В общем же виде действует следующее правило касательно переносного значения: это изобразительное значение «зависит от той области, в которой оно (изображение) возникло»[547]. Но у нас нет права «заранее признавать, то есть считывать, одно и то же значение в одних и тех же изображениях, если они происходят не из одних и тех же областей». Более того, следует признать, что «та или иная семантическая традиция складывалась применительно к определенному контексту, прежде всего к тому, что связан с назначением сакрального сооружения»[548]. Мы очень давно ждали этого признания от Дайхманна, и вот – получили, чтобы тут же почти что лишиться его в следующих уточнениях. Дело в том, говорит Дайхманн, что существуют такие значимые контексты, которые, став почти что обычаем, уже не воспроизводят приписанные им первоначально значения. Это означает, что, например, когда сцены располагают способом, ставшим уже традиционным, то никаких дополнительных мыслей к этому не примешивается. Сложившаяся традиция способна лишь воспроизводить первичный смысл, но никак не развивать его и, между прочим, никуда не переносить. Поэтому когда язычески-мифологическое изображение подвергается христианизации посредством аллегоризации, то тем самым оно вовсе не становится сразу же христианским.
Как же получается собственно христианское искусство? Ответ на этот вопрос можно получить вслед за Дайхманном, рассматривая порядок расположения фронтальных сцен т.н. фризовых саркофагов начала IV века. Изобилие ветхо– и новозаветных сцен, их регистровое расположение – все это позволяет предполагать их скорее повествовательный, чем дидактический характер и последовательное развертывание смысла, что отличает их от композиций саркофагов III века, где вокруг центрального медальона сцены группировались достаточно произвольно и случайно. Здесь же местоположение каждой сцены соотнесено с соседними сценами, они все ориентированы на плоскости, и их единство формирует трехмерную смысловую структуру высшего порядка, некое пространство, которому соответствует и некоторый объединяющий смысл или аллегорического, или чаще типологического свойства.
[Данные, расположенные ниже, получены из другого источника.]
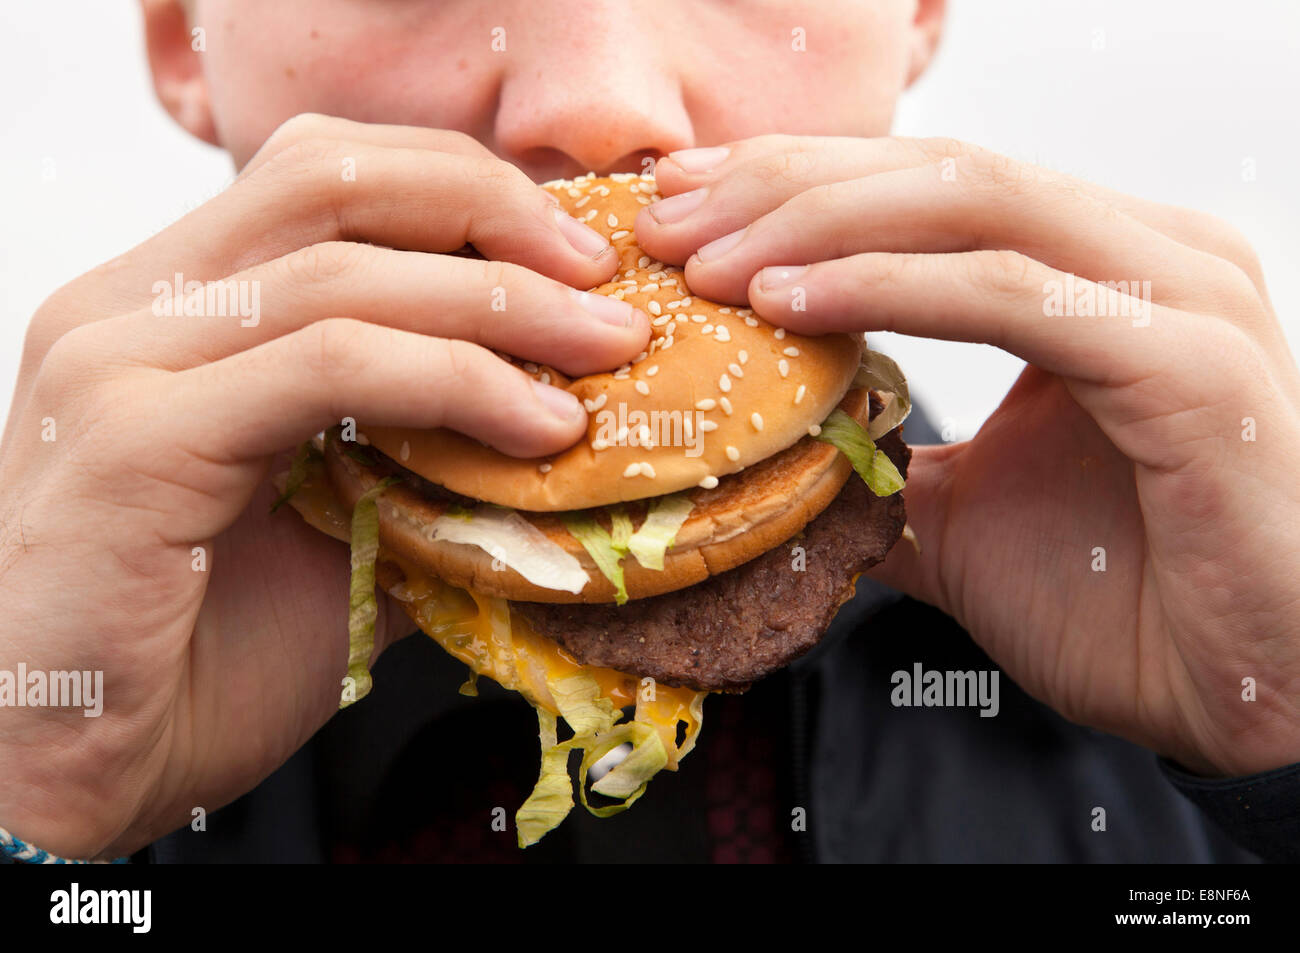 A teenager eating a McDonald's Big Mac burger. Stock Photo

Причем, что очень существенно, одни и те же сцены при разном соседстве, то есть контексте, приобретают новый смысловой оттенок. Другими словами, взаимодействие сцен создает или предполагает пространство взаимодействия, которое и порождает (или выявляет) дополнительный смысл. Налицо стремление к сверхъединству, сверхпорядку, сверхконтексту, которое обеспечивает опять же одна только архитектура.
Но что же за смысл получается в результате, и откуда он берется? Повествовательный характер этих «отчасти сознательно сгруппированных и приведенных в соответствие друг с другом» сцен, их единство на уровне сообщения свидетельствует, что перед нами «непрестанно возобновляющееся и многообразное обнаружение Священной истории», в том числе и как «парадигма спасения отдельной души»[549]. И несомненно происхождение этого иконографического и композиционного принципа из несохранившихся монументальных росписей тогдашних церквей, то есть из «церковного искусства» в буквальном смысле слова – искусства, заключенного в церковном здании.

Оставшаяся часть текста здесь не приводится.